Сама логика событий требует от меня возвращения в объятия хорошо продуманной и осознанной свободы. Вынужден признать, что я переживаю кризис, который заключается в том, что я предал собственную свободу; правильнее сказать, что я перестал идти к ней. Я отодвинул на второй план все проверенное, устоявшееся, безусловное в своей жизни и окружил себя отражениями и тенями, вариантами вариантов, смутными и ничего не значущими идеями, доверился им и, теряя самостоятельность и оригинальность, первичность, почву под ногами, улыбнулся блаженствующим идиотом.

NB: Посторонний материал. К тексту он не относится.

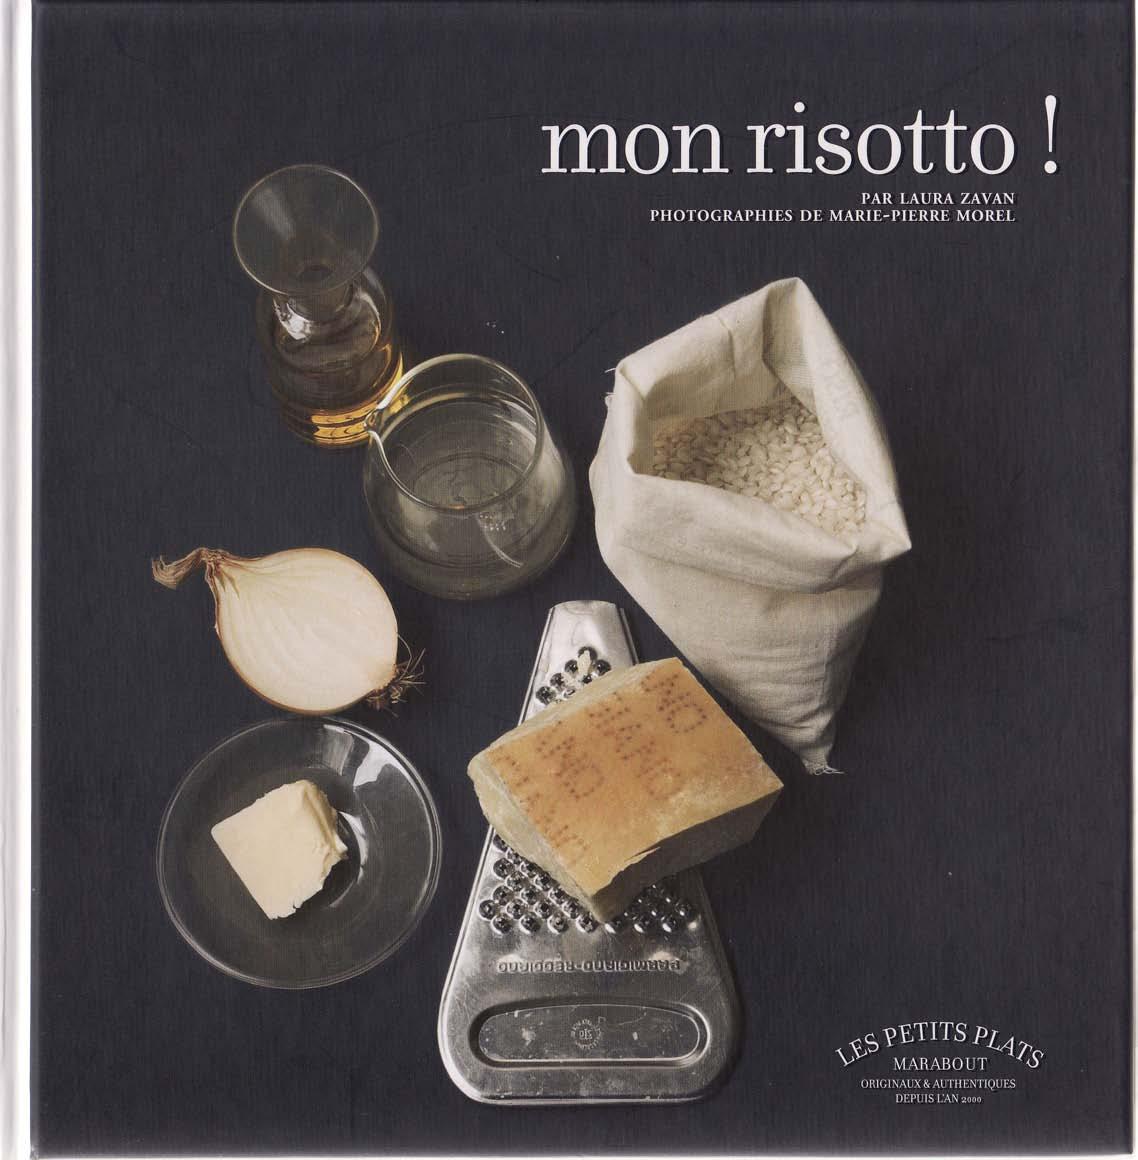 Mon risotto, éditions Marabout par Laura Zavan

Но пока происходила эта дикая расправа над собственной сущностью, - не надо, впрочем, сгущать краски, если я не хочу, чтобы упала тень и на Наташу, - шла все же работа внутреннего сопротивления, и этот факт смягчает тяжесть моей вины. Никому еще не удалось превратить меня в оловяного солдатика. Ну, если угодно, скажу для примера, что достанься мне жребий выбирать между ролью бога и ролью дьявола, я и не выбрал бы и был бы по-своему прав. Вообще примеров, свидетельствующих о моей правоте, более чем достаточно. Я, скажем, не воспитан в вере, но не воспитал я в себе и безверия; имею, положим, знание о незнании, но ведь это не символ веры или безверия, а символ свободы, незакабаленности. Я почти верю в правоту Перстова, когда он говорит, что России нужен царь, но ведь я сознаю, что моя вера в его слова строится на том, что я люблю Россию и не сомневаюсь, что ей действительно что-то нужно, так почему бы и не царь. Я сознаю, что это и есть все основания, на которых я готов принять царя или хотя бы только одобрительно покивать на уверения моего друга, хотя, разумеется, в книжках я находил лучше, чем у Перстова, выраженные, более обоснованные, научные выводы в пользу того же взгляда. Штука, однако, в том, что Перстов жив
***
Несколько дней миновало в колебаниях от безнадежности к слепому оптимизму. Я читал, но это не было настоящим чтением, включающим силы разума и души, я отвлекался и не мог сосредоточиться, потому как постоянно волновался. Из дому я выходил не дальше магазина, где однажды купил хлеб, а во второй раз вместе с хлебом пачку папирос. Деньги были на исходе. Меня никто не навещал, и я отстал от происходящего вокруг Иннокентия Владимировича, в моем представлении он все еще лежал на полу комнаты, раскидав руки, только что пивший и балагуривший человек, который внезапно превратился в бездыханное тело. Но что-то ведь должно было происходить вокруг этого события, что-то должно было оно накликать? Почему же никто не приходил ко мне с рассказом, с расспросами?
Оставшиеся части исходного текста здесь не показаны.